Apparently Jambi (QT in Java) already has this functionality in QTreeWidgetItem, although I don't really understand the description completely:


public final void setSpanning(boolean span)

Sets the first section to span all columns if expand is true, otherwise all item sections are shown.


Maybe this is something we can expext on a next version of QT for C++?

Help!

p

wysota
6th February 2007, 16:04
I'll start answering in the reverse order :)

Yes, you can expect that to work in upcoming Qt releases. It's possible that it works with recent snapshots already.

Even if it doesn't I'm sure you can get a simmilar behaviour either by reimplementing the delegate (if the view doesn't fill the background of its items before calling the delegate) or by reimplementing the view (if the view destroys the background of its items).
In the former case you just need to change the rectangle used to paint the display role of the first column and do nothing for the second column. If latter is the case, you need to stop the view from painting the first column of the top level items and modify the rectangle before calling the delegate. I guess that's more or less what setSpanning does anyway.

And if that doesn't fit your needs (or is impossible to achieve) maybe you can simply have a single column in the view and separate the attribute names from values using a custom delegate?

Paalrammer
6th February 2007, 17:02
Aha, thanks. I think I know what to do now. Time to dig deeper into QT I guess.
Maybe I should have asked how to override the QTreeView behaviour in the first place :-)

p

wysota
6th February 2007, 17:40
Time to dig deeper into QT I guess.
QT = QuickTime(R) by Apple
Qt = Quasar toolkit (or other legendary explanation of "Q toolkit" name) by Trolltech.


Maybe I should have asked how to override the QTreeView behaviour in the first place :-)
Maybe you should have :)

Paalrammer
13th February 2007, 14:53
Just a quick note to tell the people about my next steps/

Apparently VMWare is free nowadays, so I installed Linux and did some speed tests. Although the screen driver is very slow, the app with 250 buttons acts very fast under Linux. However when I try my complete program the widget drawing is even slower than on Windows. So as Wysota told me, it is not a good idea to draw too many widgets.

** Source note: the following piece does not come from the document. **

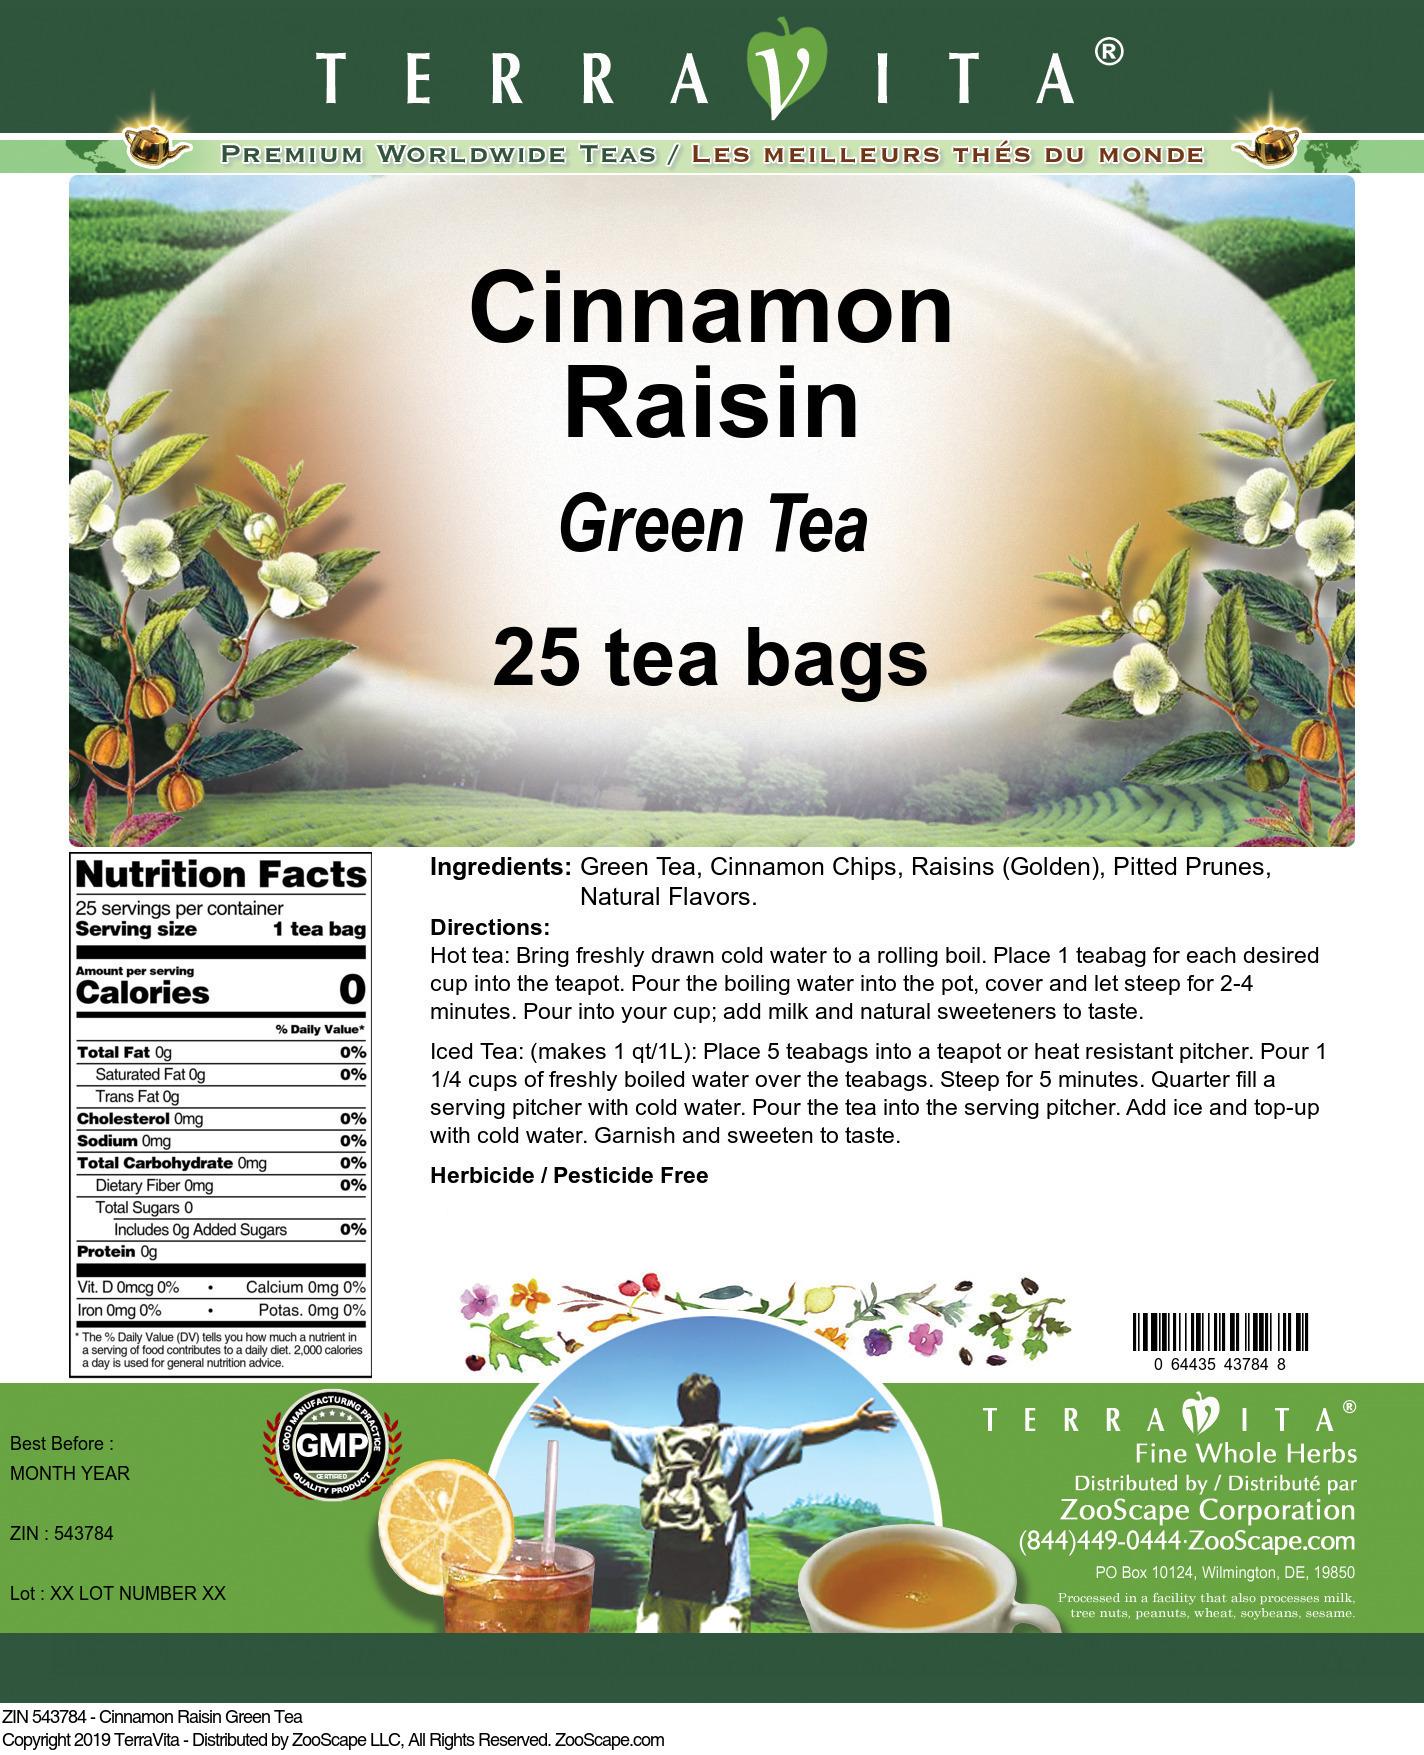 Cinnamon Raisin Green Tea

I have tried extending the behaviour of the QTreeView class by having items span more than one column, but failed miserably. Though I had a lot of fun trying. And some nice effects.

So, in the end I thought it would be better to check if the snapshots for Qt 4.3 had the desired "span" featured and they did. Compilation under Linux was easy, Windows with Visual C++ was a bit annoying, but I now have the desired behaviour out of the box. Yeah. Thanks for all the help.

VireX
14th February 2007, 06:20
QT = QuickTime(R) by Apple
Qt = Quasar toolkit (or other legendary explanation of "Q toolkit" name) by Trolltech.


Maybe you should have :)

who the hell uses quicktime except when viewing some idiots website?

jpn
14th February 2007, 06:52
who the hell uses quicktime except when viewing some idiots website?
The point was that people tend to mix them up. This forum focuses on Qt, not on QT. Which are two different things..

VireX
14th February 2007, 18:41
obviously, why would we discuss QT in here?

wysota
14th February 2007, 18:57
obviously, why would we discuss QT in here?

We wouldn't, but many people write "QT" when referring to "Qt", so sometimes we tend to point out that difference.